Cede cocaina al cliente, ma viene sorpreso dai Carabinieri e arrestato

Nel corso dell’attività di controllo, i Carabinieri del Nucleo Operativo della Compagnia di Messina Centro, insospettiti da un uomo fermo davanti all’ingresso di un supermercato di viale Regina Elena che in atteggiamento guardingo sembrava attendere qualcuno, hanno avviato un’attività di osservazione tenendo sotto controllo i suoi movimenti. Poco dopo hanno notato il sopraggiungere di un’autovettura Jeep Renegade, condotta dal 40enne B.F. che si è accostata al margine della strada per consentire all’uomo di salire a bordo. A quel punto, i militari dell’Arma decidono di intervenire e, dopo aver bloccato il mezzo, hanno sottoposto gli occupanti a un controllo. I sospetti dei Carabinieri si sono rivelati fondati, giacché al termine della perquisizione, il 40enne B.F., proprietario del mezzo, peraltro sprovvisto di patente di guida, è stato trovato in possesso di un involucro di carta stagnola, occultato nella tasca dei pantaloni, contenente un cristallo di sostanza di colore biancastro che, all’esito delle analisi di laboratorio si è rivelato essere sostanza stupefacente di tipo cocaina “in pietra” con elevatissimo grado di purezza pari a circa 97% di principio attivo. Gli accertamenti svolti hanno consentito ai Carabinieri di ricostruire la dinamica dei fatti accertando che i due uomini avevano precedentemente concordato l’appuntamento in quel luogo, proprio per realizzare la compravendita dello stupefacente a fronte del pagamento di 100 euro, somma effettivamente rinvenuta nella disponibilità del “cliente” al momento del controllo. Pertanto, la sostanza stupefacente è stata sequestrata e il 40enne B.F. è stato arrestato, in flagranza di reato, per detenzione ai fini di spaccio di sostanze stupefacenti.

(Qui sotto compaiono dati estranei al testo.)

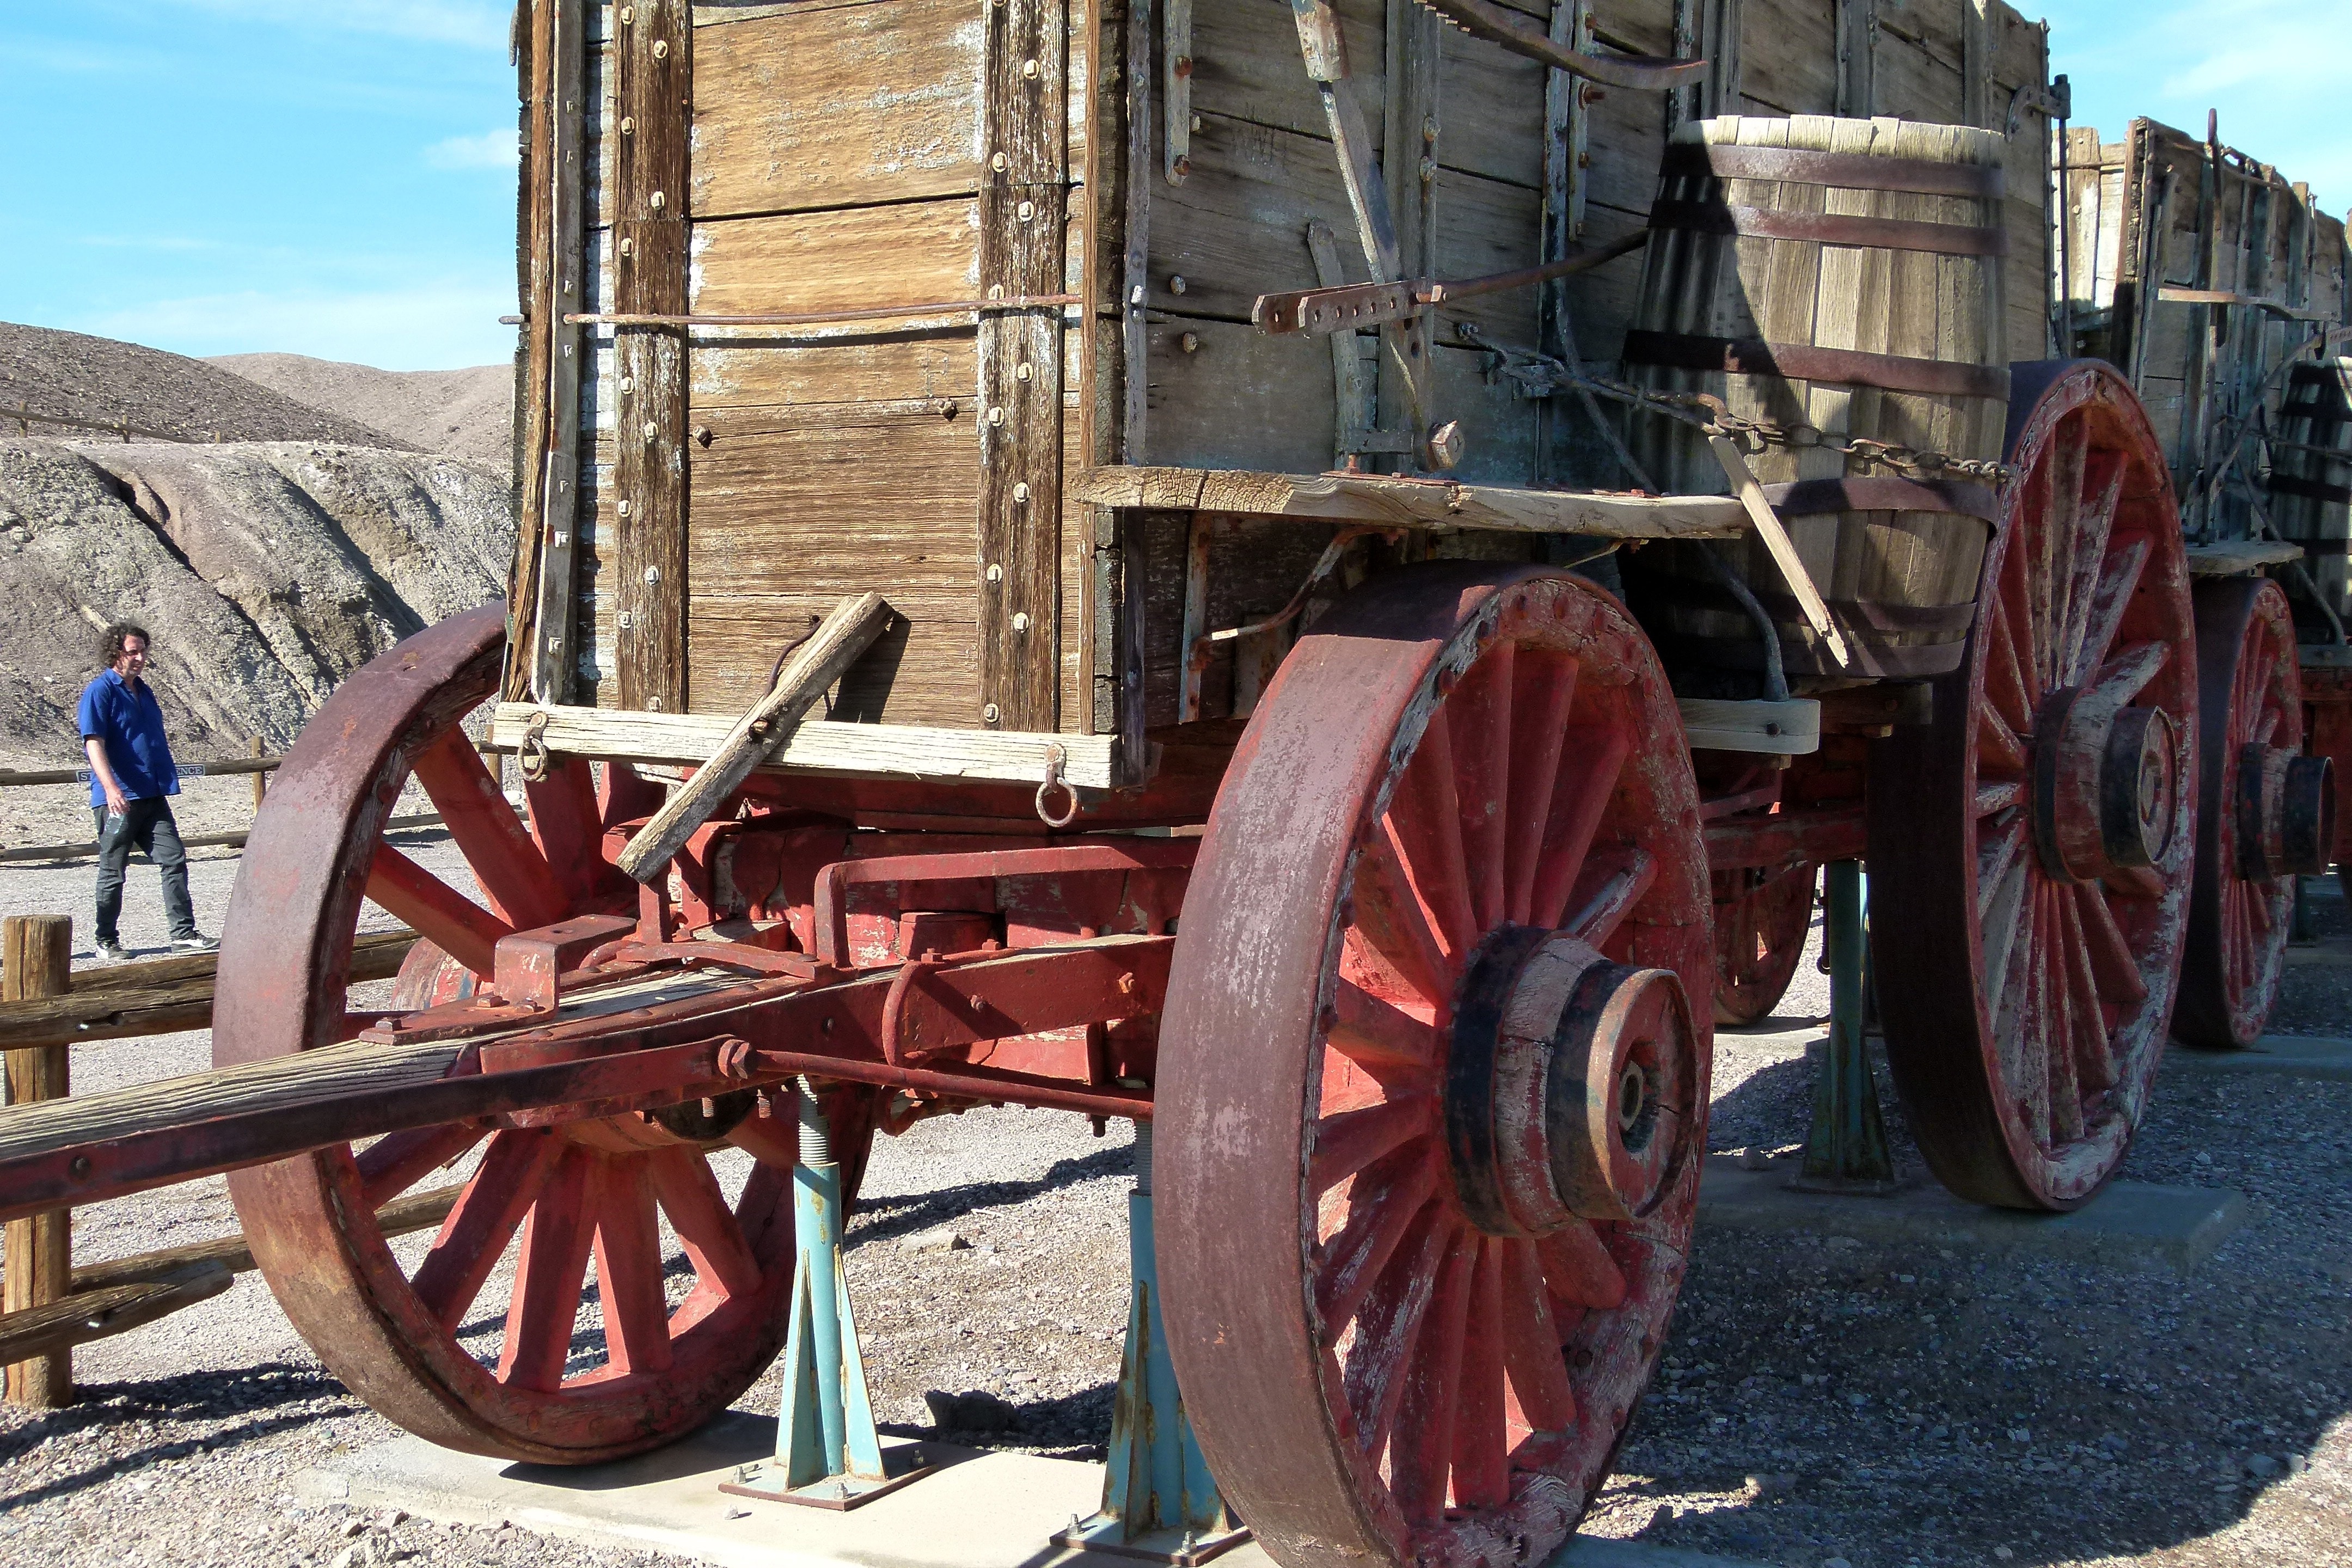 capture image of wheeled wagons during day time

Ultimate le formalità di rito, su disposizione dell’Autorità Giudiziaria, l’arrestato è stato ristretto agli arresti domiciliari presso la propria abitazione in regime di arresti domiciliari, in attesa del rito direttissimo. Ieri mattina, al termine dell’udienza davanti al Giudice di Messina, l’arresto dei Carabinieri è stato convalidato e il 40enne è stato sottoposto alla misura degli arresti domiciliari con applicazione del braccialetto elettronico.